Volatile bond markets stung the Canada Pension Plan Investment Board in the fund's fiscal first quarter, limiting its return to just 1.1 per cent.
Annualized, the gain amounts to 4.4 per cent, less than half of what the pension fund made in 2012.
Though CPPIB has a solid exposure to public and private equities – $94-billion versus $63-billion invested in fixed-income – the rocky bond market outweighed any gains made on global stocks – particularly the scorching U.S. market. From April to June, the yield on the U.S. 10-year Treasury bond jumped to 2.52 per cent from 1.86 per cent, a sharp 66 basis point rise.

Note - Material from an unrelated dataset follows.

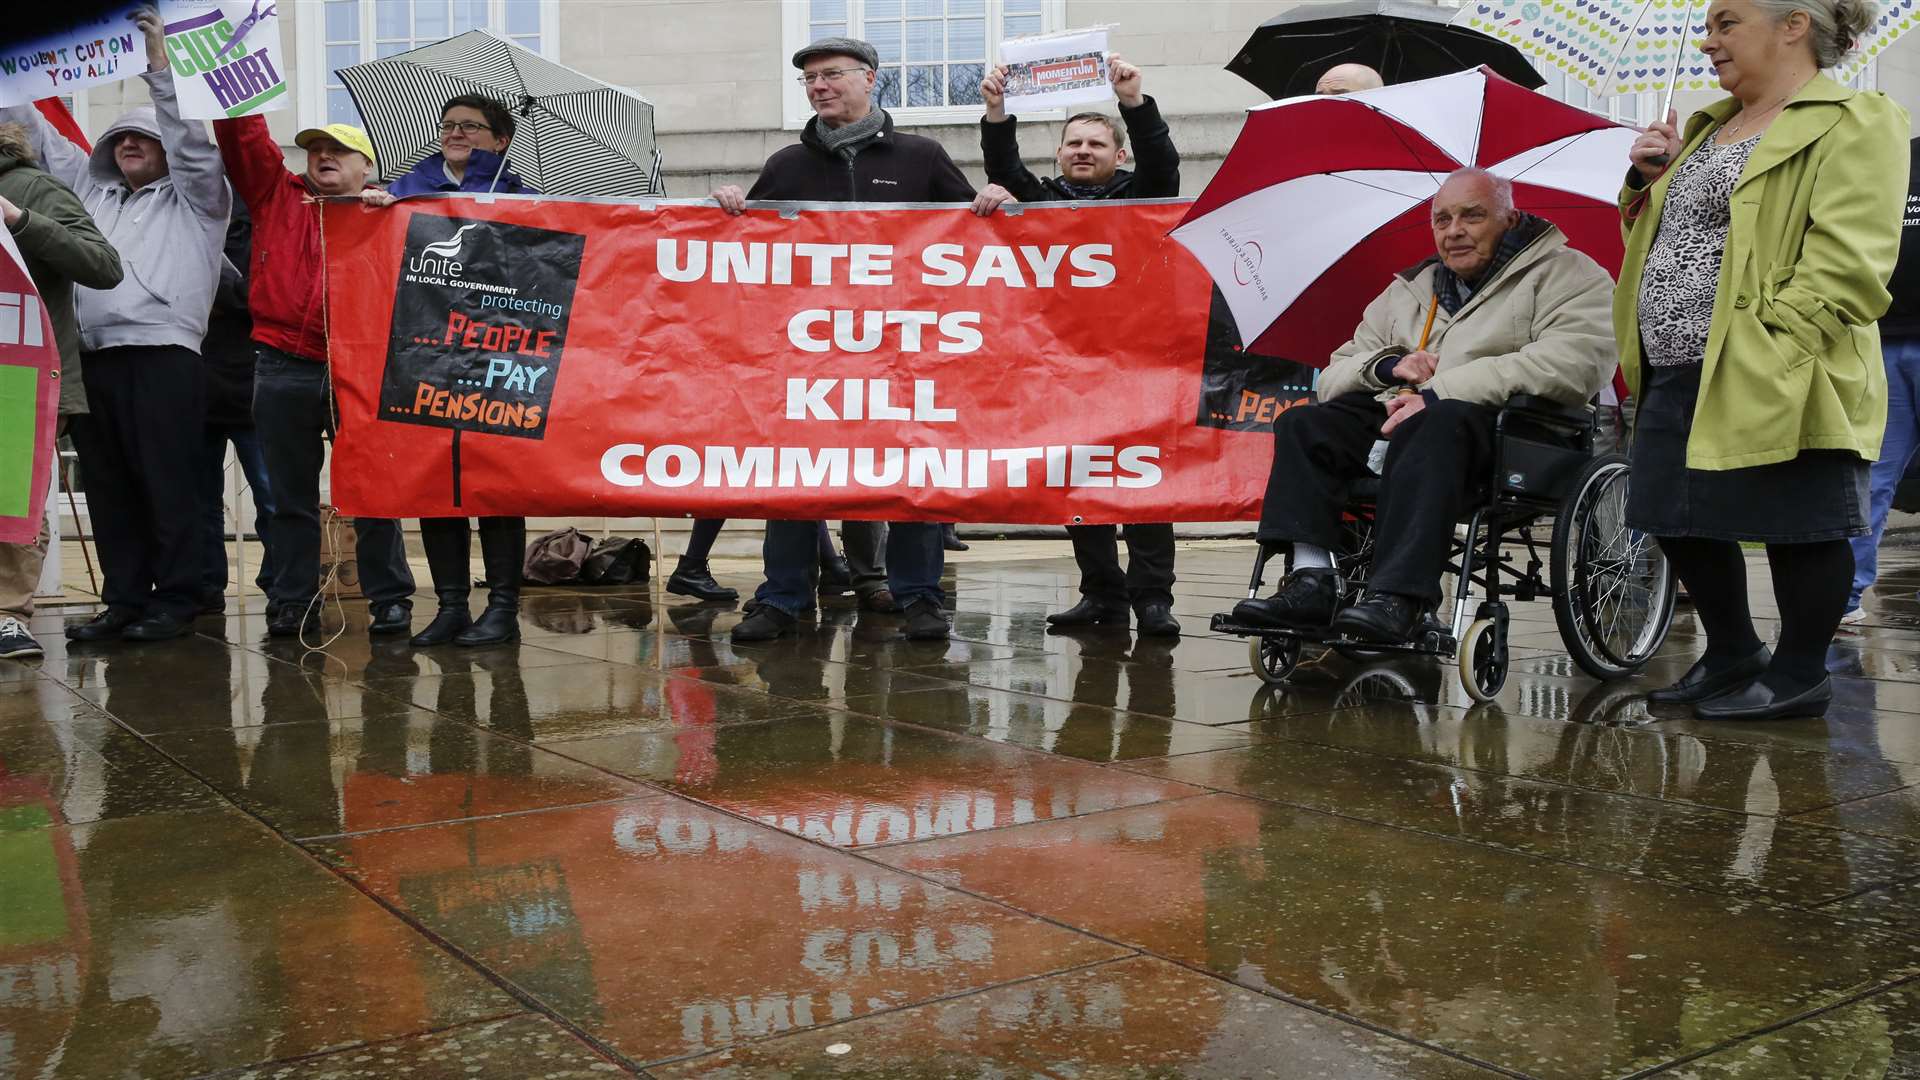 The protest outside County Hall

"Overall we would characterize the quarter as relatively turbulent compared to recent reporting periods. Interest rates rose significantly as bond markets fell, while volatility increased across major equity markets producing mixed returns," said Mark Wiseman, chief executive officer of CPPIB, which manages Canada's public pension fund.
CPPIB's assets jumped to $189-billion by the end of the quarter, up $5.6-billion from the end of fiscal 2012. However, most of this rise came from member contributions, while $1.9-billion was derived from net investment income.

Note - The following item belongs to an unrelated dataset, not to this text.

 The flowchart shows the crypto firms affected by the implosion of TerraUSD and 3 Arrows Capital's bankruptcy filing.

The fund's assets are split across equities (50 per cent of the portfolio), fixed-income (34 per cent), real estate (11 per cent) and infrastructure (6 per cent).
Canada's chief actuary has affirmed that the CPPIB is sustainable for 75 years if it earns an average of 4 per cent real annual returns after inflation. The fund's 5-year annualized performance is 2.9 per cent after inflation, mostly stemming from losses during the financial crisis, but it made a yearly average of 5 per cent after inflation over the past 10 years.